De Hollande à la NUPES

Gérard Filoche idéalise l’histoire du PS sous la présidence Hollande. Celui-ci se heurte à des oppositions au sein du parti mais elles sont essentiellement parlementaires et médiatiques. On se demande comment Filoche peut écrire que la Gauche socialiste a bâti une « opposition sans précédent, plus qu’au temps de Marceau Pivert ». Ensuite, vient la belle histoire d’Olivier Faure présenté comme l’incarnation de la conscience du PS alors qu’il a dépensé beaucoup d’énergie à chercher des compromis favorables aux textes (notamment la loi Travail) propulsés par Hollande et Valls. Dans un autre passage du texte, Filoche donne une vision plus réaliste du tournant vers la NUPES : « L’enjeu est […] toujours le même pour l’appareil : s’unir ou périr ».

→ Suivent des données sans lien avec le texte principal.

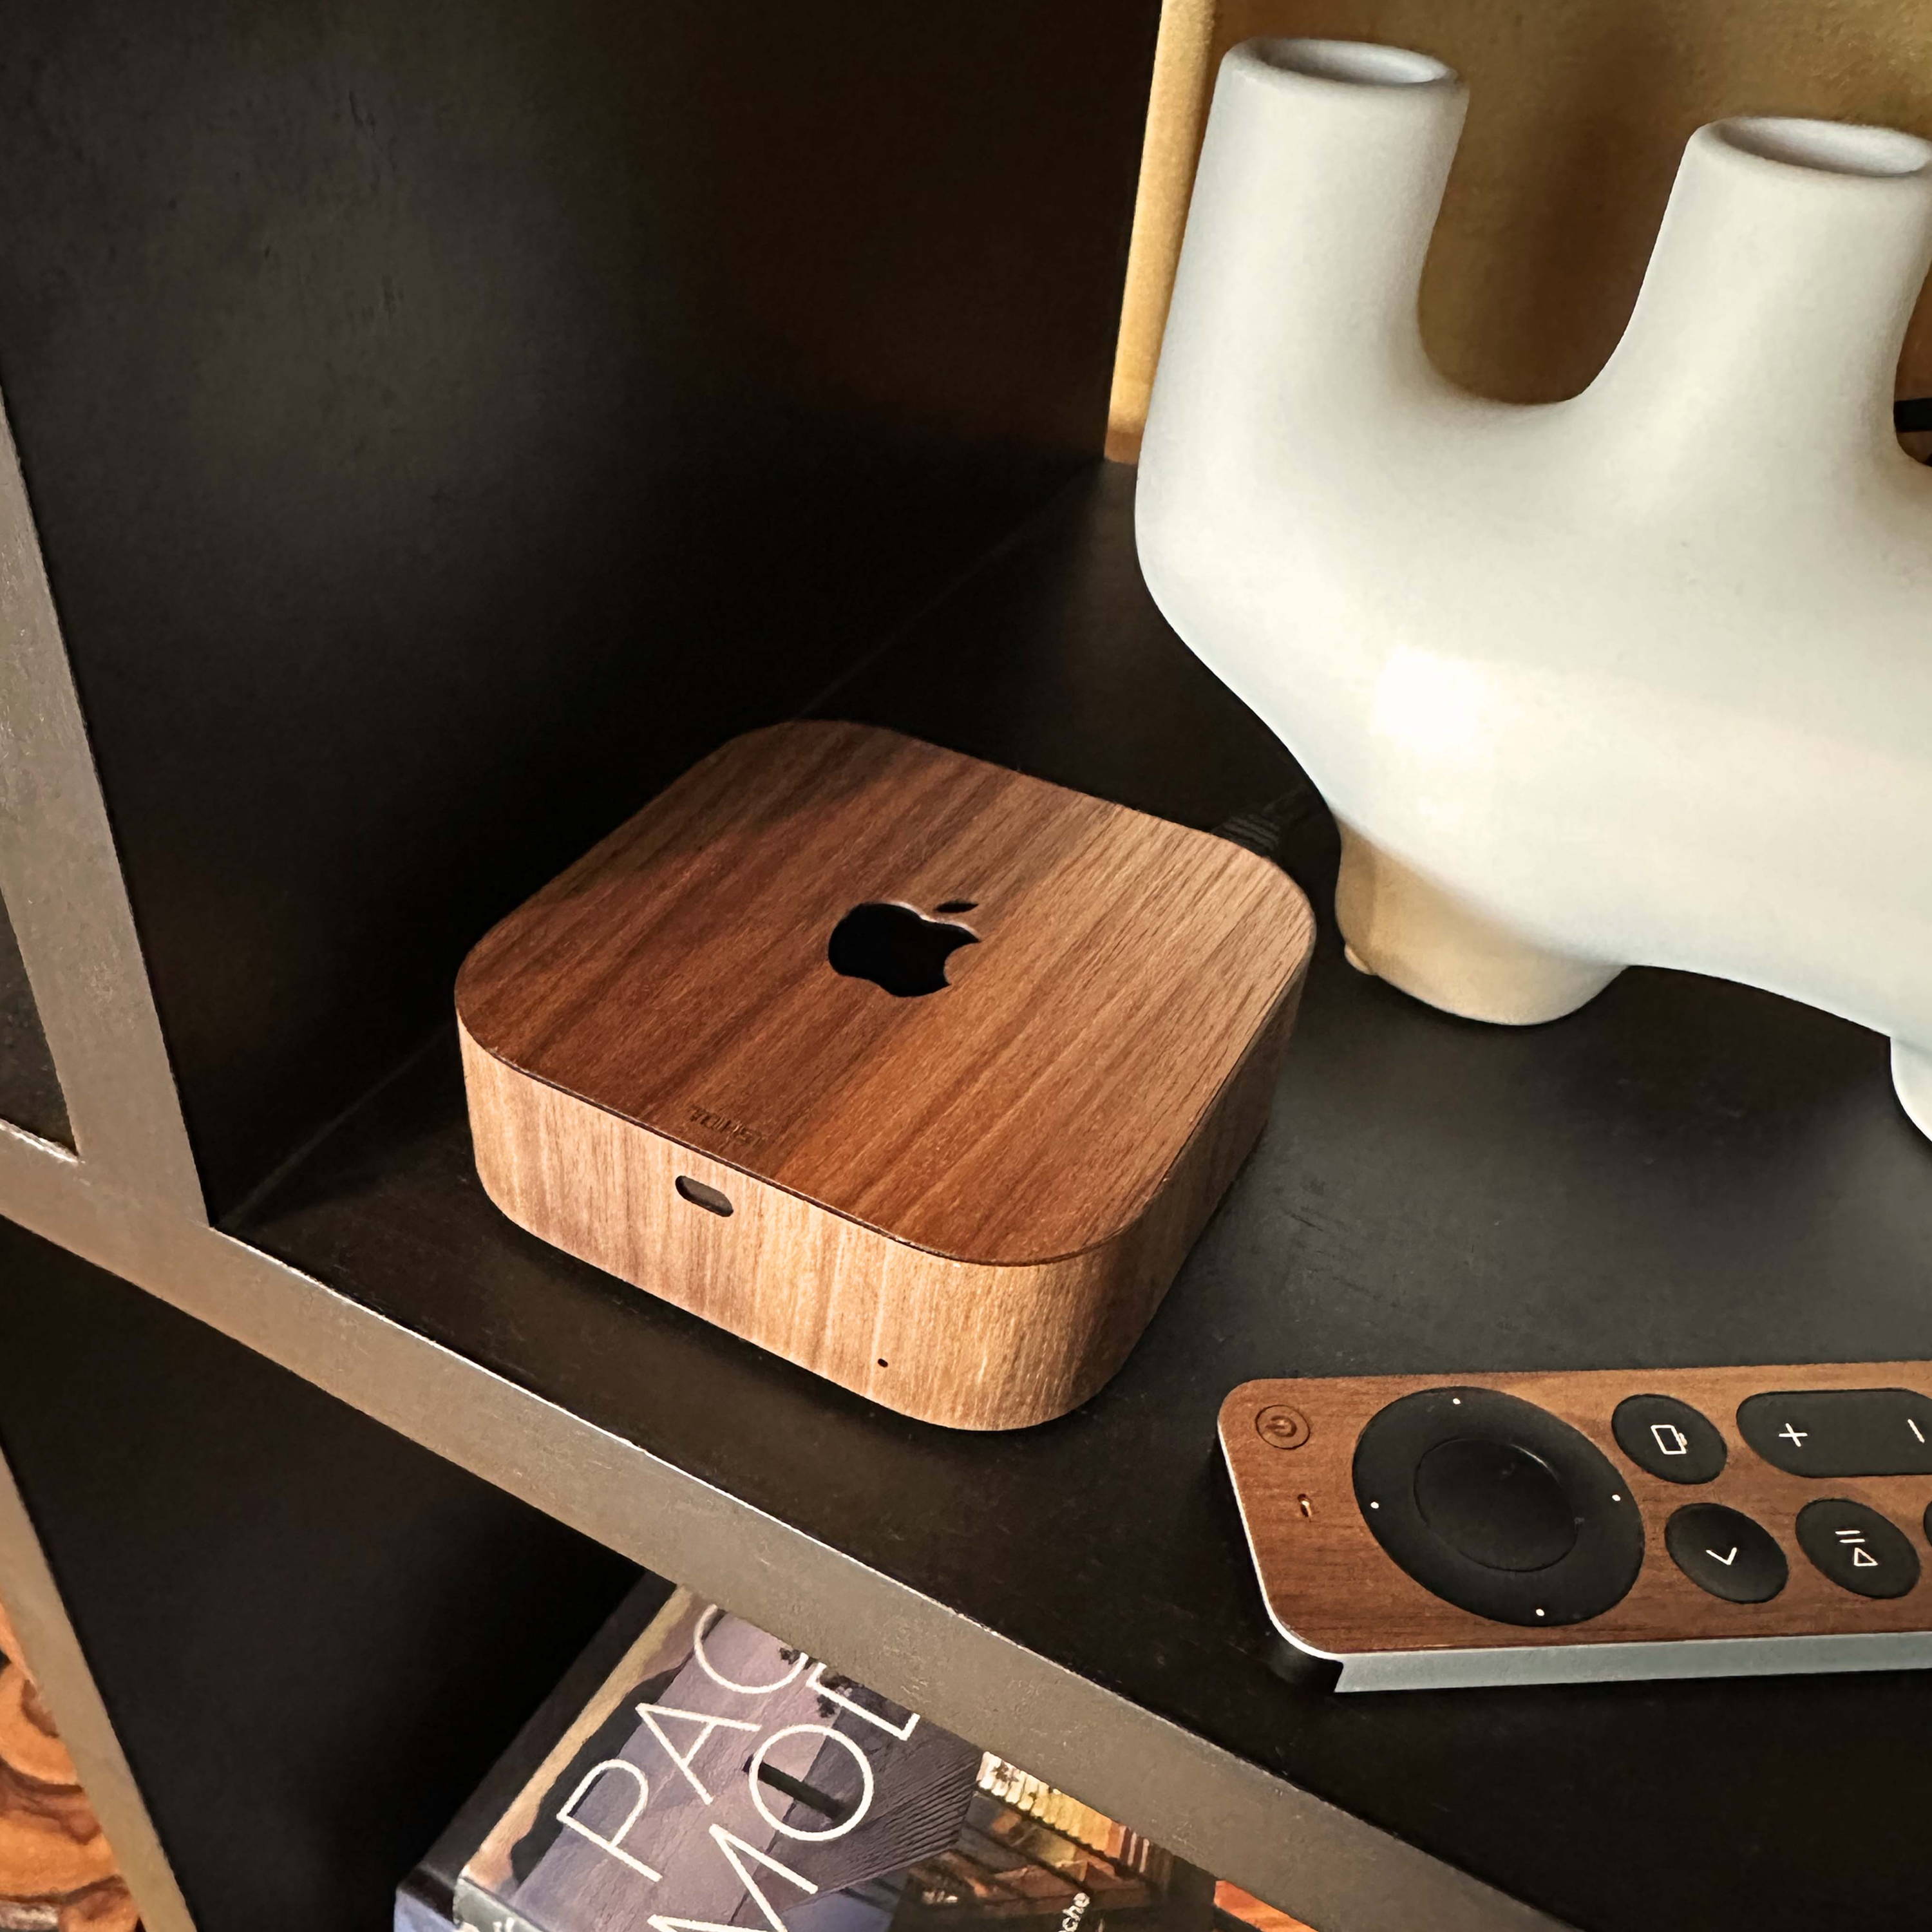 Toast real wood covers for Apple TV.

Gérard Filoche chante l’éloge du programme de la NUPES mais oublie de préciser que le PS a agi pour en modifier certaines formules et y a fait inscrire ses réserves sur des points décisifs : refus de la nationalisation de banques et de certaines entreprises énergétiques, maintien dans l’OTAN… Le PS a obtenu de marquer sa divergence jusqu’au point significatif de l’amnistie des manifestants : « le parti socialiste proposera […] que la loi d’amnistie ne s’applique qu’aux personnes qui ont exercé leur droit de manifester sans violence et dans le cadre légal ».

L’illusion de victoires

Filoche conclut son article sur un appel à une « maison commune de toute la gauche » et affirme que les révolutionnaires doivent s’y joindre car « quand il y a l’unité réussie de tous, ce sont les révolutionnaires qui l’emportent dans les derniers kilomètres ». Paroles de prestidigitateur mélangeant front unique et unité dans un même parti. Dans la situation actuelle, le front unique est bien sûr une nécessité, mais ce n’est pas principalement une question d’appareils. Par contre, Soutenir que les révolutionnaires seraient finalement toujours gagnants à « une maison commune » est totalement fallacieux. Les exemples contraires abondent. Du parti travailliste britannique, « maison commune » pendant des décennies incluant, sous direction réformiste, des « centristes » et des courants révolutionnaires organisés à des exemples différents mais récents : Refondation communiste en Italie, le Parti des travailleurs brésilien, Syriza en Grèce, Podemos en Espagne… Cela ne signifie pas que, malgré les échecs, il ne fallait pas mener ces dernières expériences afin de tenter de construire des formations ayant plus de poids que des organisations révolutionnaires à implantation restreinte. Mais, que ce soit dans les partis anciens ou nouveaux, des bureaucraties réformistes se consolident, défendent leur orientation et position par tous les moyens, voire s’autonomisent des instances du parti. En dernière analyse, ce qui peut faire des révolutionnaires les « gagnants », c’est le mouvement de masse et leur préparation à des tournants brusques.